▸ **DATA SEGMENT**:

=-=-=

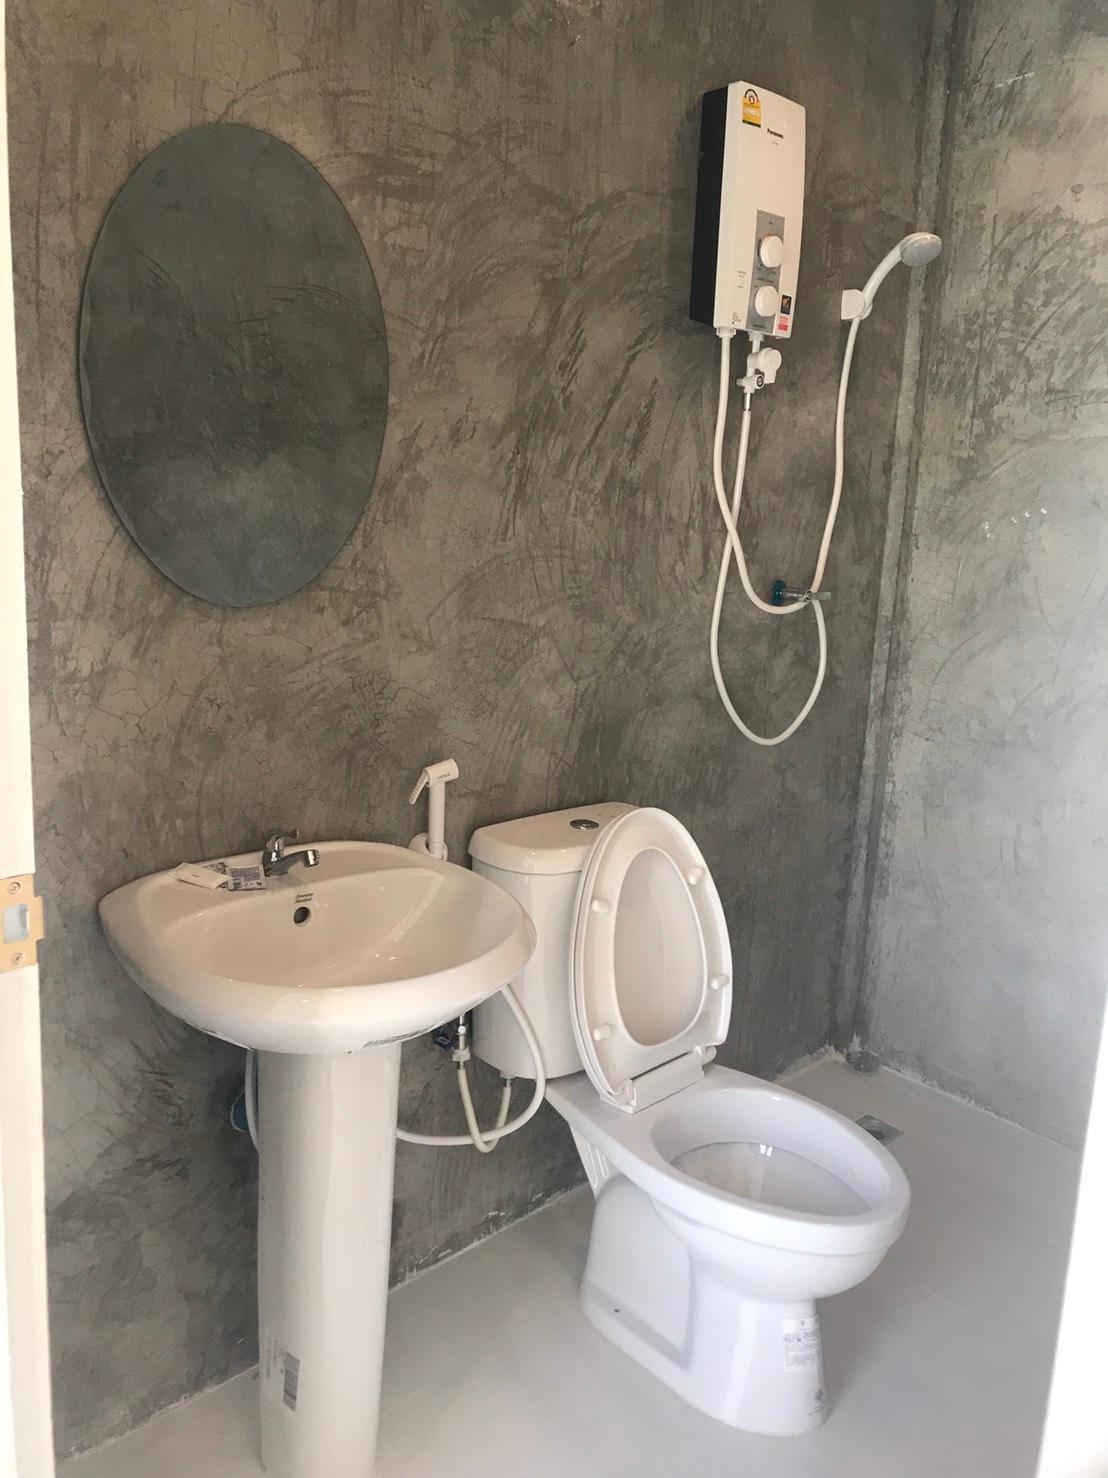 Mega resort hotel บ้านเดี่ยว 1 ห้องนอน 1 ห้องน้ำส่วนตัว ขนาด 18 ตร.ม. – บ้านไผ่
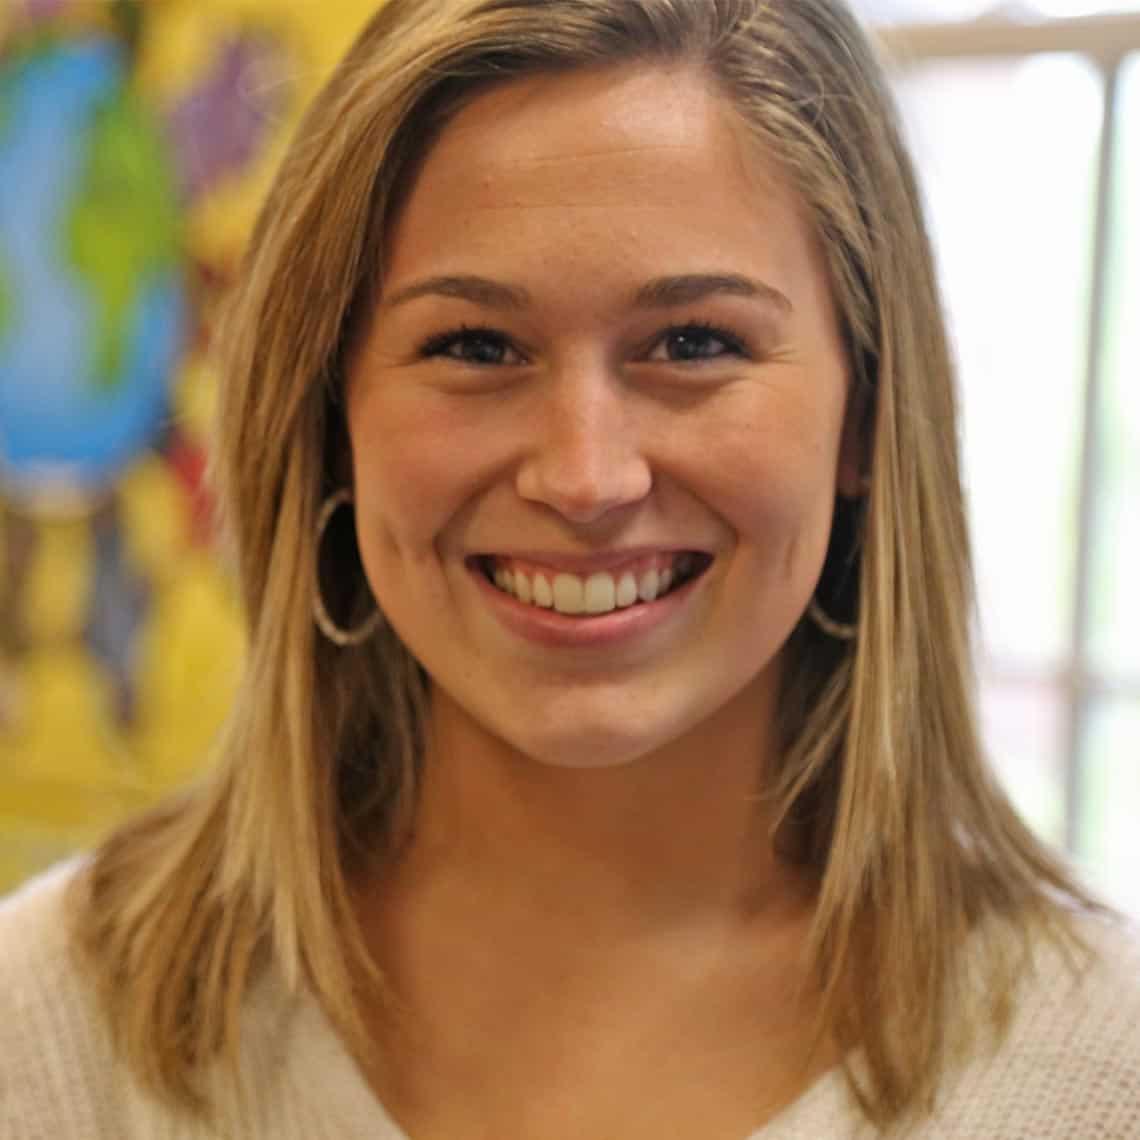 Paige Ingalls '16
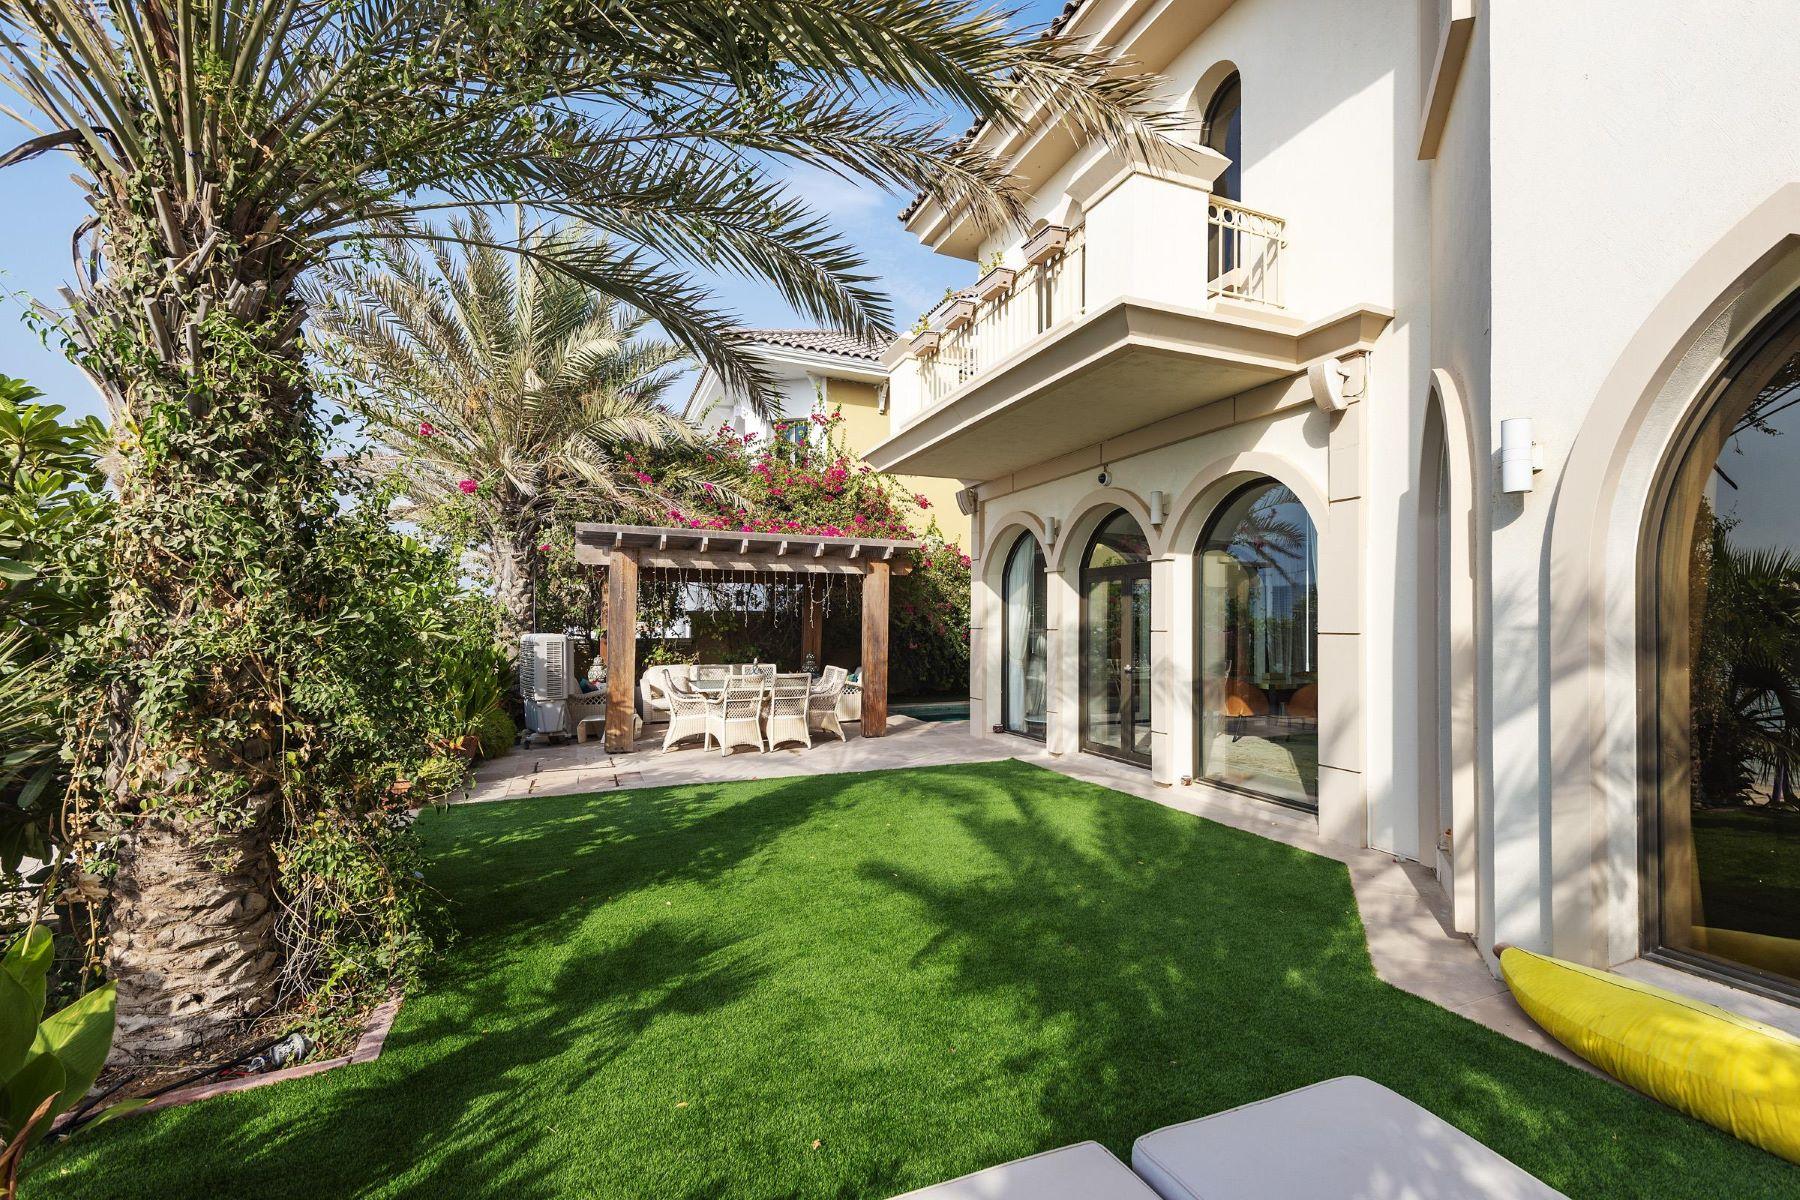 Property for Sale at 5 Bed Mediterranean with Atlantis view. Dubai, Dubai United Arab Emirates
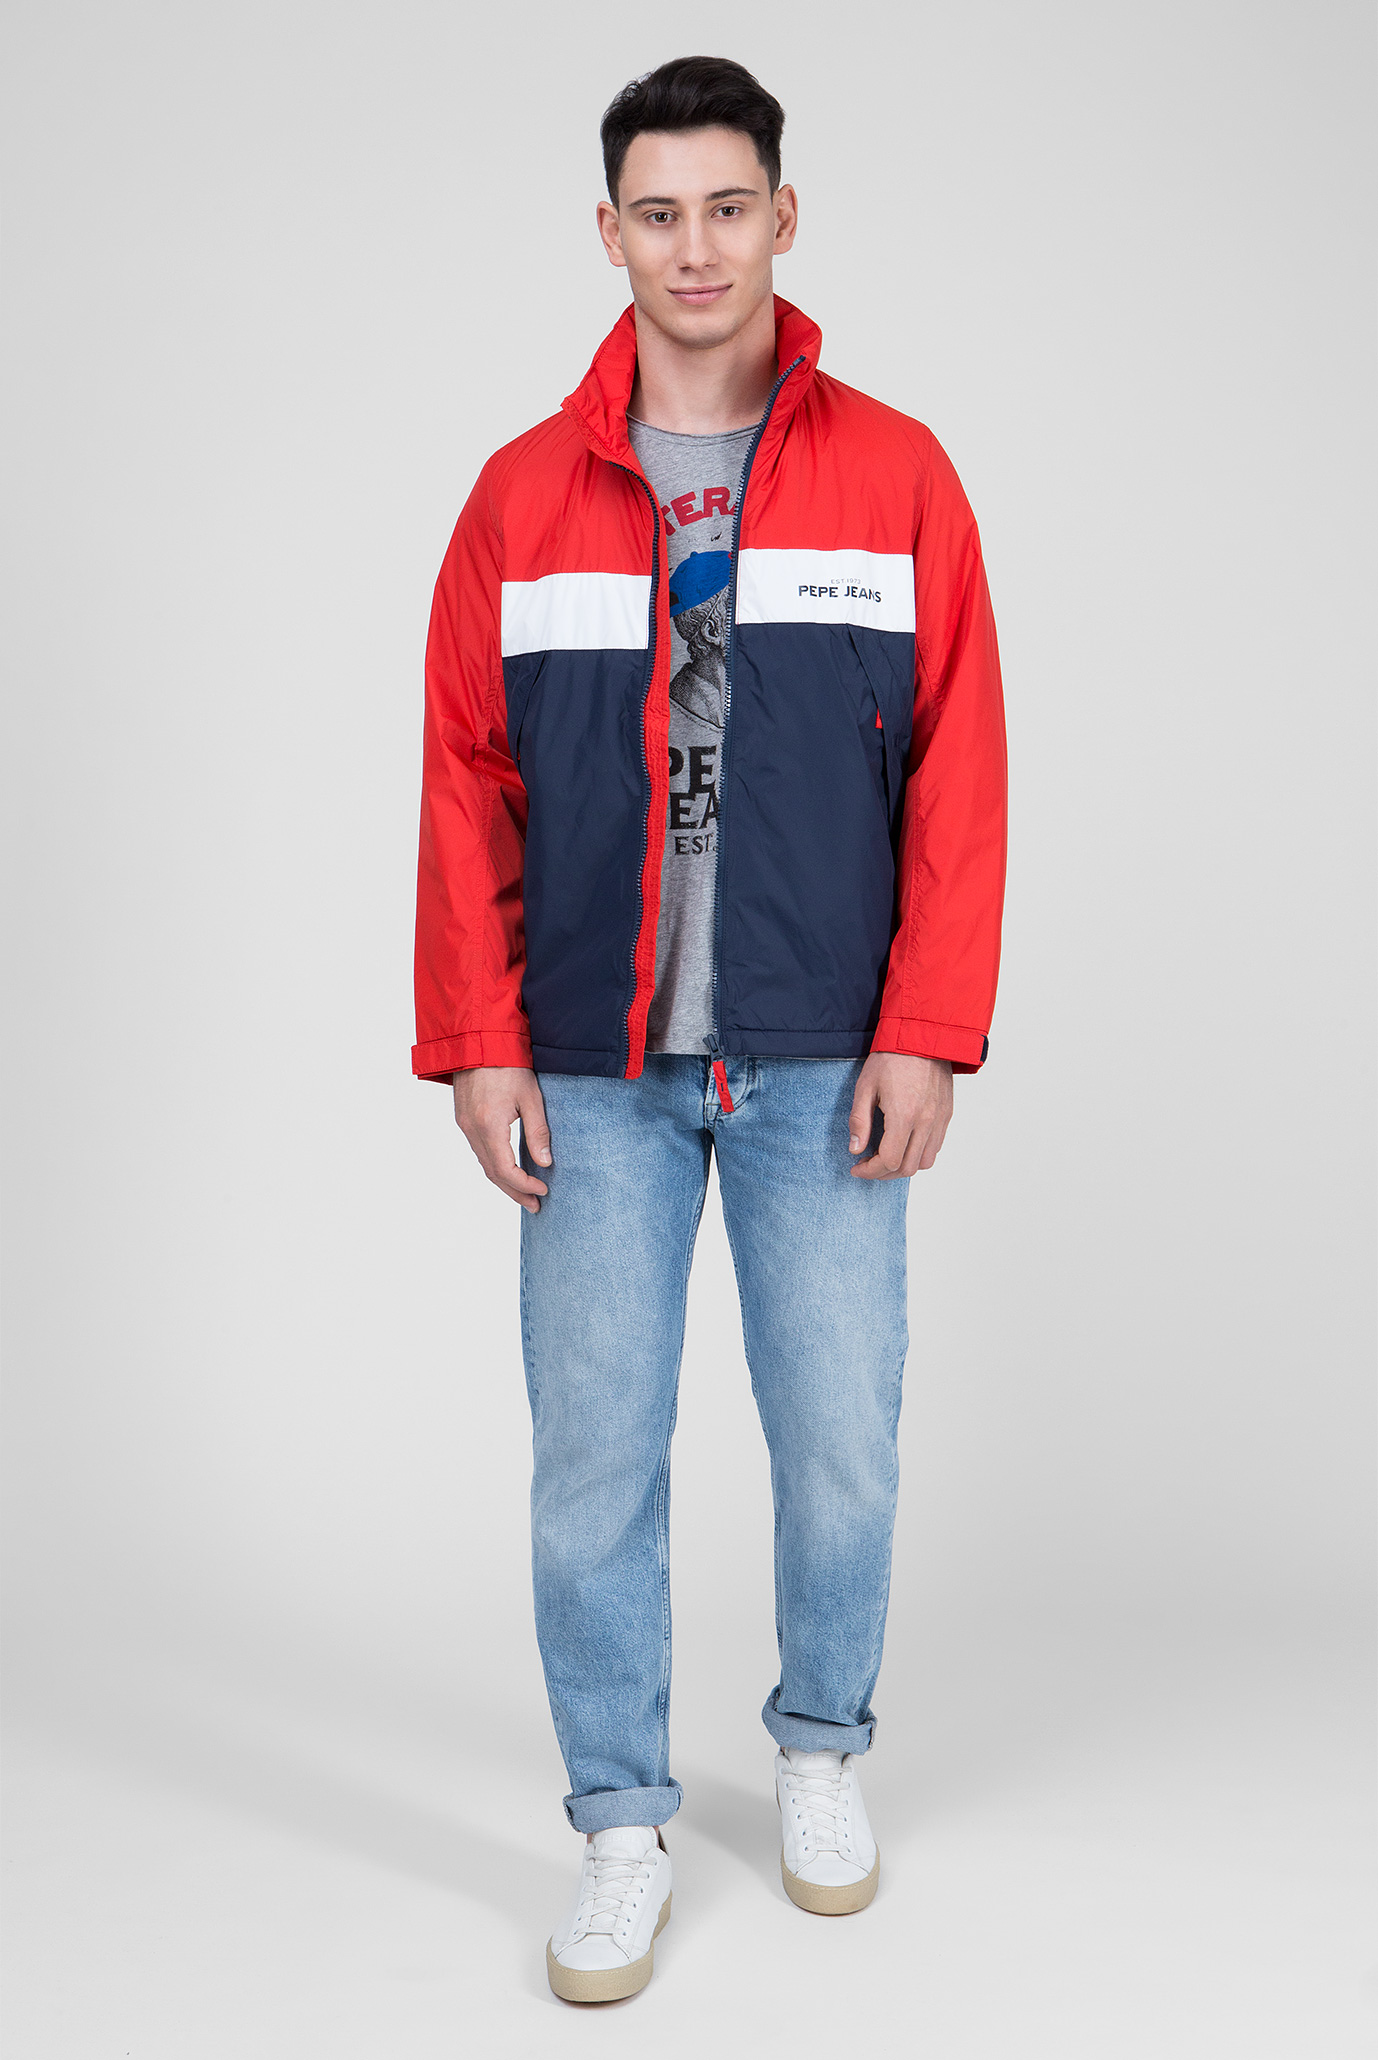 Купить Мужская красная куртка SAVAGE Pepe Jeans Pepe Jeans PM401921 – Киев, Украина. Цены в интернет магазине MD Fashion

=-=-=

▸ **TASK INSTRUCTIONS**:
Restate all of the data word for word and include no pictures.

▸ **EXERCISE SOLUTION**:
 Mega resort hotel บ้านเดี่ยว 1 ห้องนอน 1 ห้องน้ำส่วนตัว ขนาด 18 ตร.ม. – บ้านไผ่
 Paige Ingalls '16
 Property for Sale at 5 Bed Mediterranean with Atlantis view. Dubai, Dubai United Arab Emirates
 Купить Мужская красная куртка SAVAGE Pepe Jeans Pepe Jeans PM401921 – Киев, Украина. Цены в интернет магазине MD Fashion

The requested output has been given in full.